(NaturalNews) Cancer is currently responsible for 20,000 deaths per day across the world, or 7.6 million people a year, according to a new report published by the American Cancer Society. In addition, 12 million people are diagnosed with some form of cancer every year.
The report, titled "Global Cancer Facts and Figures 2007" is based on data from the International Agency for Research on Cancer and compares the rates of different cancers between the developed and less developed world.
Of the anticipated 7.6 million cancer deaths in 2008, 2.9 million are expected in the developed world, while 4.7 are expected to occur in less developed countries. Approximately 5.4 million new cancer cases are expected in developed countries, and 6.7 million in those less developed.
The report notes that the most common cancers vary between the developed and less developed world. In developed countries, breast, colorectal and lung cancer are the most common forms of the disease in women. While breast cancer is still number one in the less developed world, it is followed by cervical and stomach cancer. Among men, prostate, lung and colorectal cancers are most common in the developed world. In the less developed world, the most common cancers are of the stomach, lungs and liver.

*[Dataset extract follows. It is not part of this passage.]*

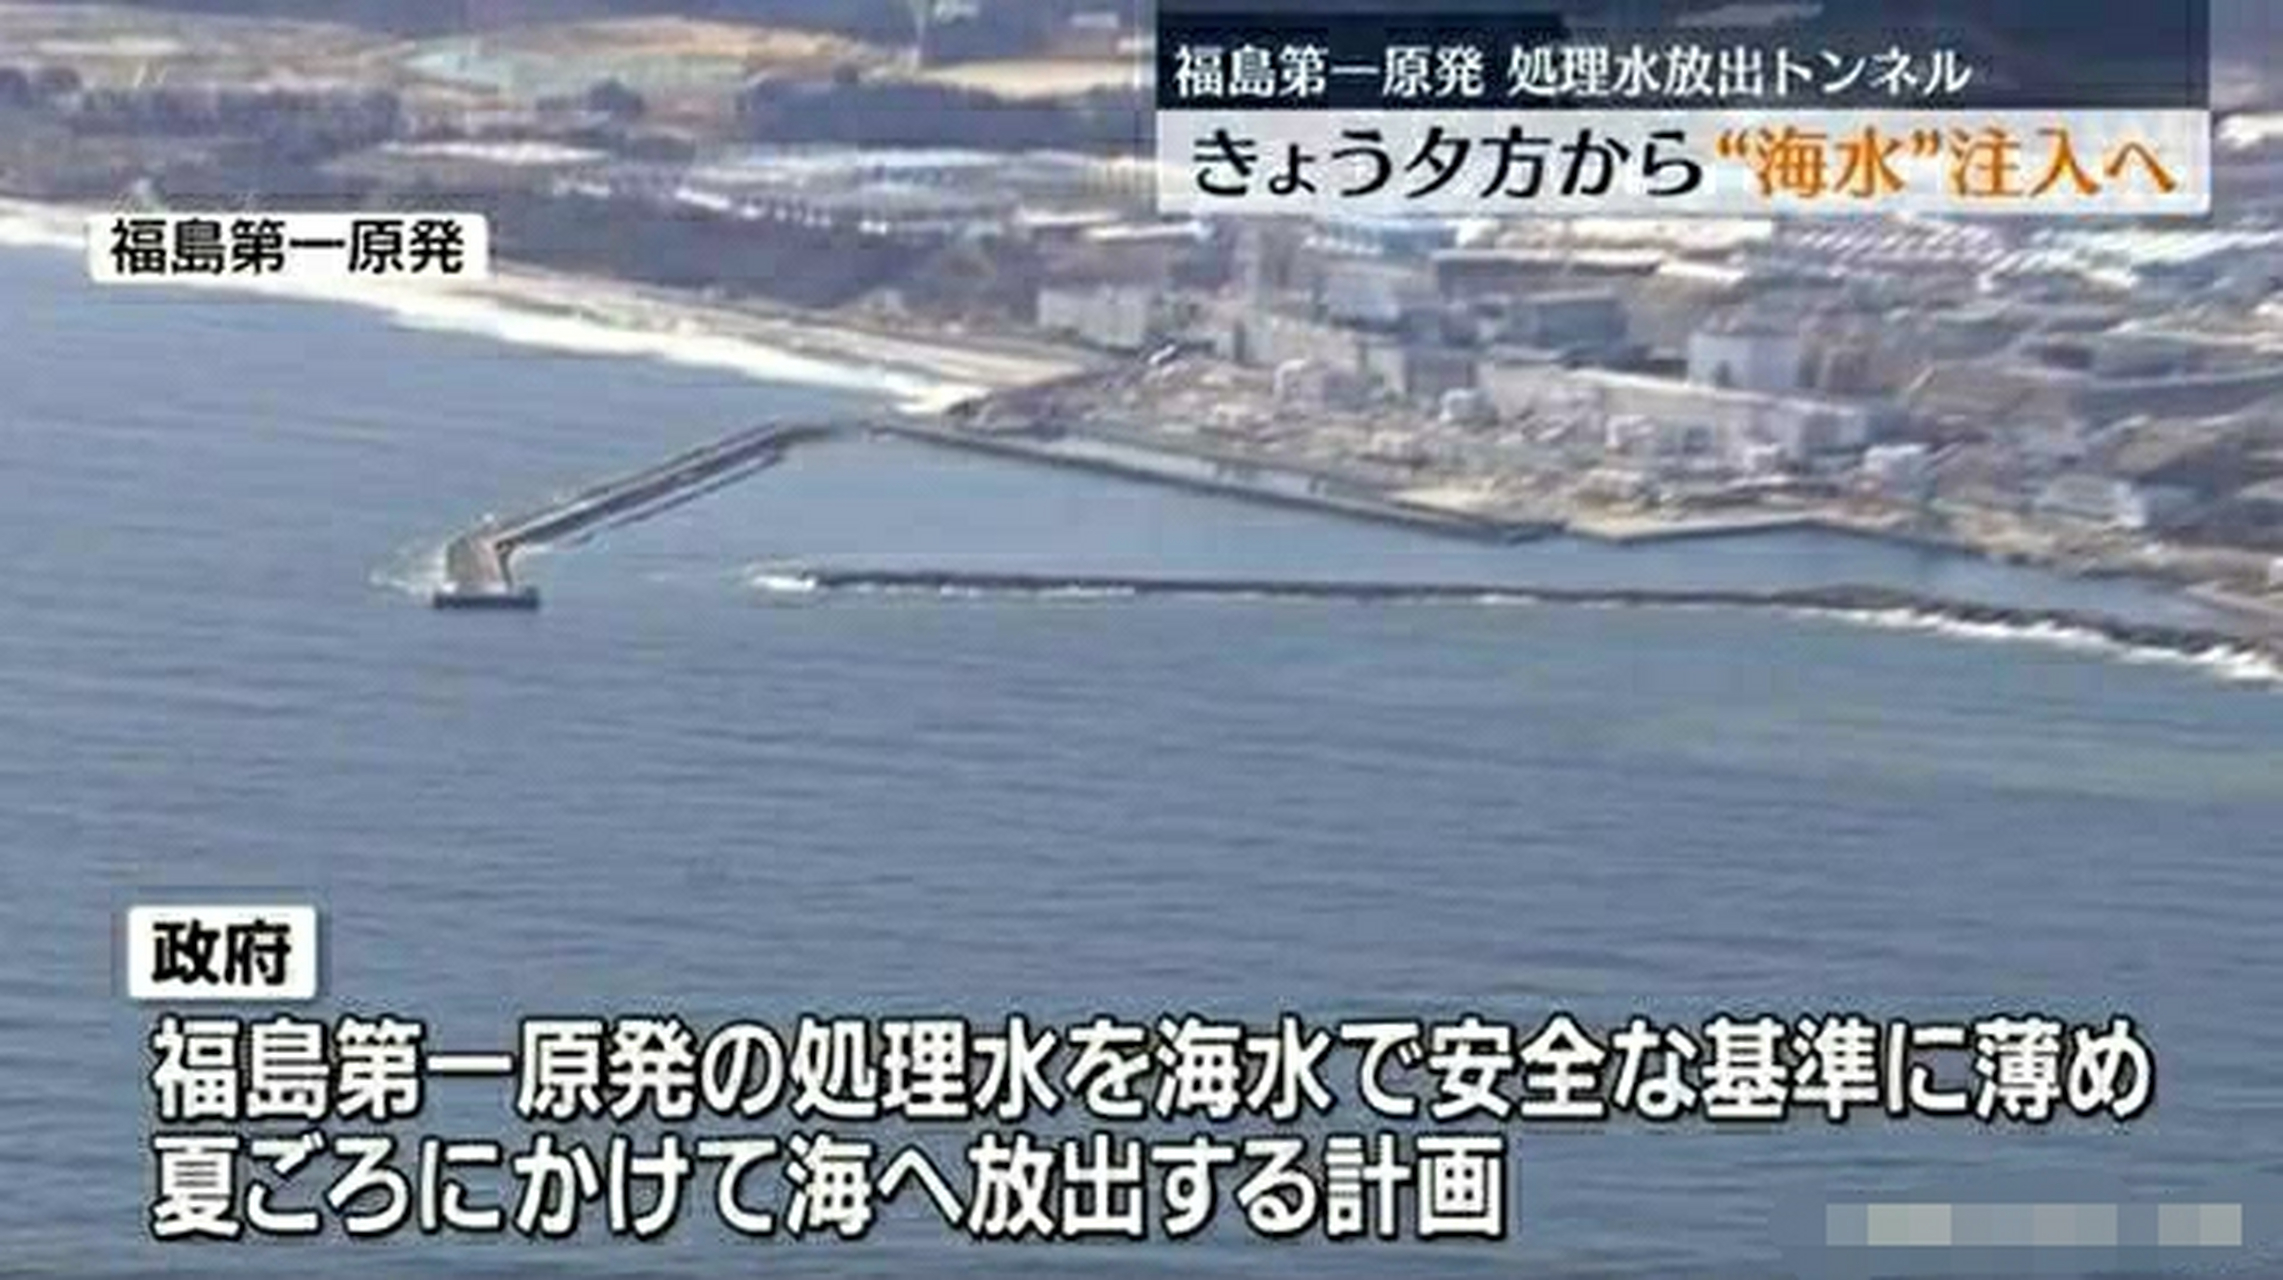 据报道,日本福岛第一核电站的核污染水排放工程即将进入试运行阶段
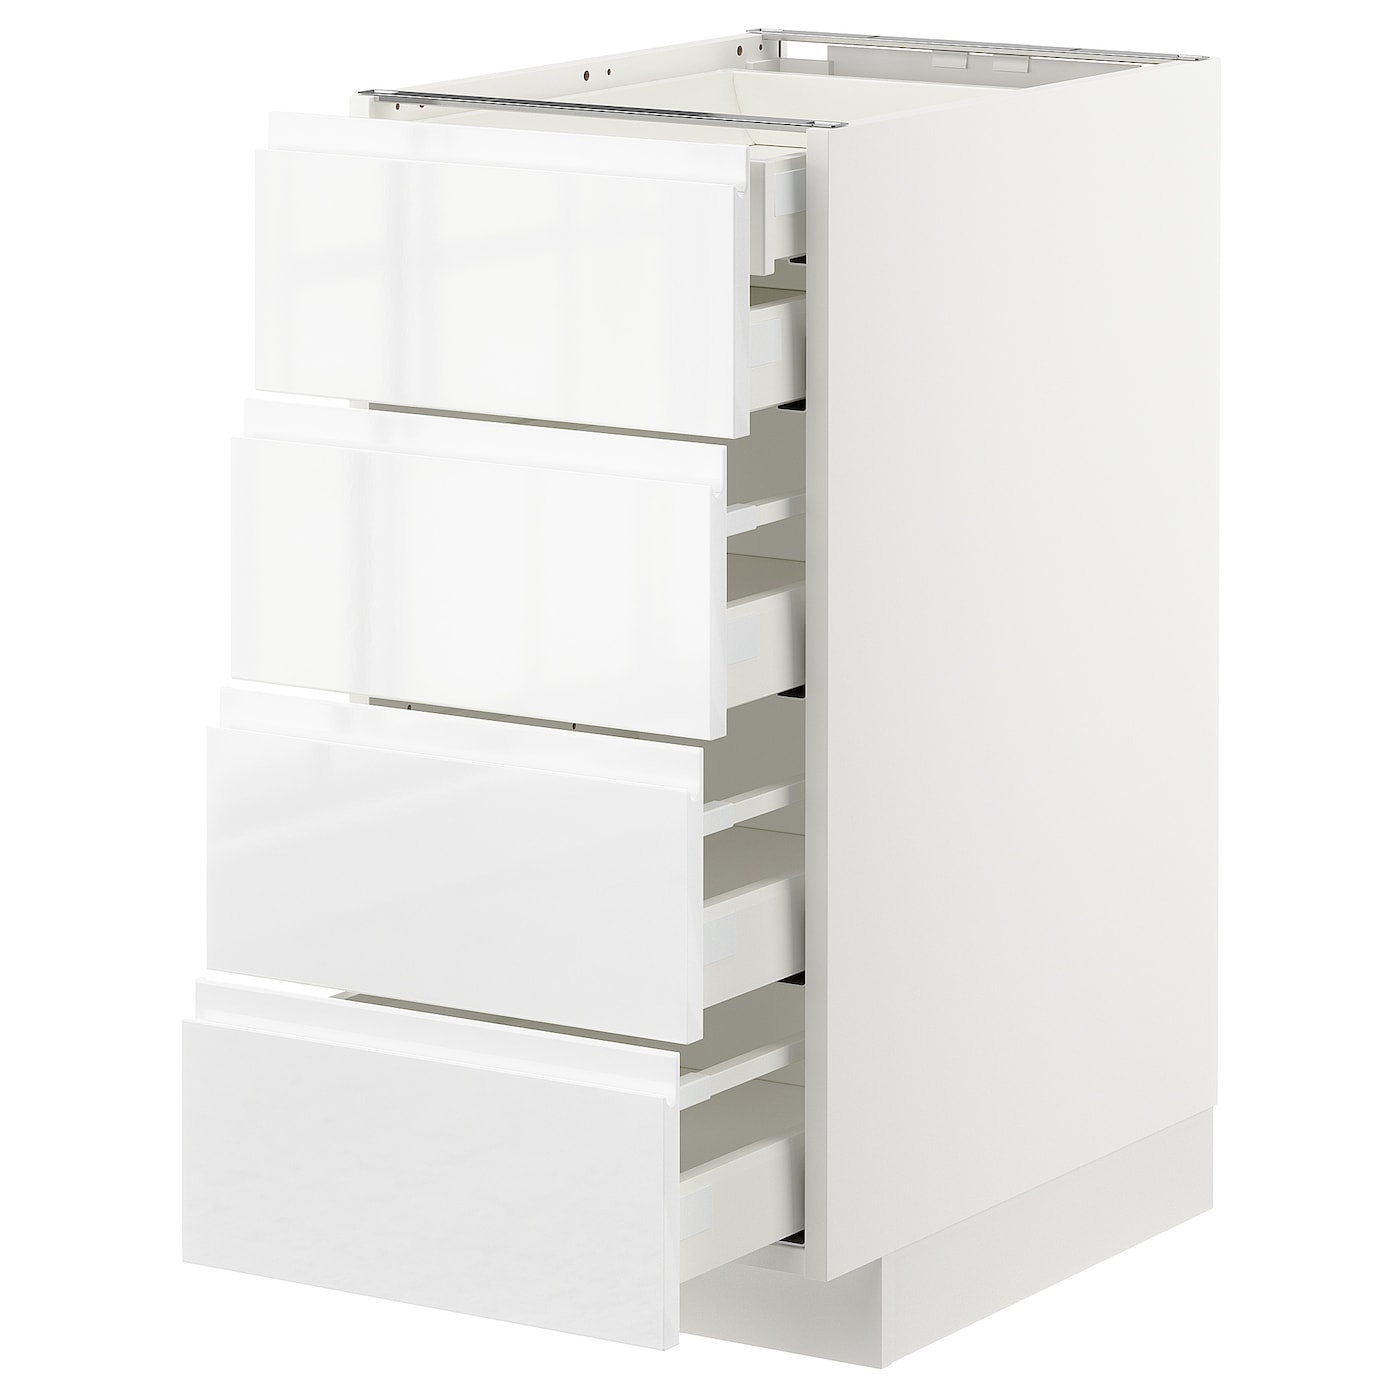 Напольный кухонный шкаф  - IKEA METOD MAXIMERA, 88x62x40см, белый, МЕТОД МАКСИМЕРА ИКЕА

Cancers caused by infection are much more common in the less developed world, accounting for 26 percents of cancers as opposed to 8 percent in the developed world. These infections include the bacterium Helicobacter pylori, which can cause stomach cancer, and the human papillomavirus (HPV), which can cause cervical cancer.
Survival rates also differ, in particular among children. In Europe and North America, 75 percent of children with cancer live at least five years, while in Central America the figure is only 48 to 62 percent.
The report said that cancer rates and mortality are expected to rise in the less developed world as those regions increasingly adopt a lifestyle similar to that of developed nations, including "cigarette smoking, higher consumption of saturated fat and calorie-dense foods, and reduced physical activity."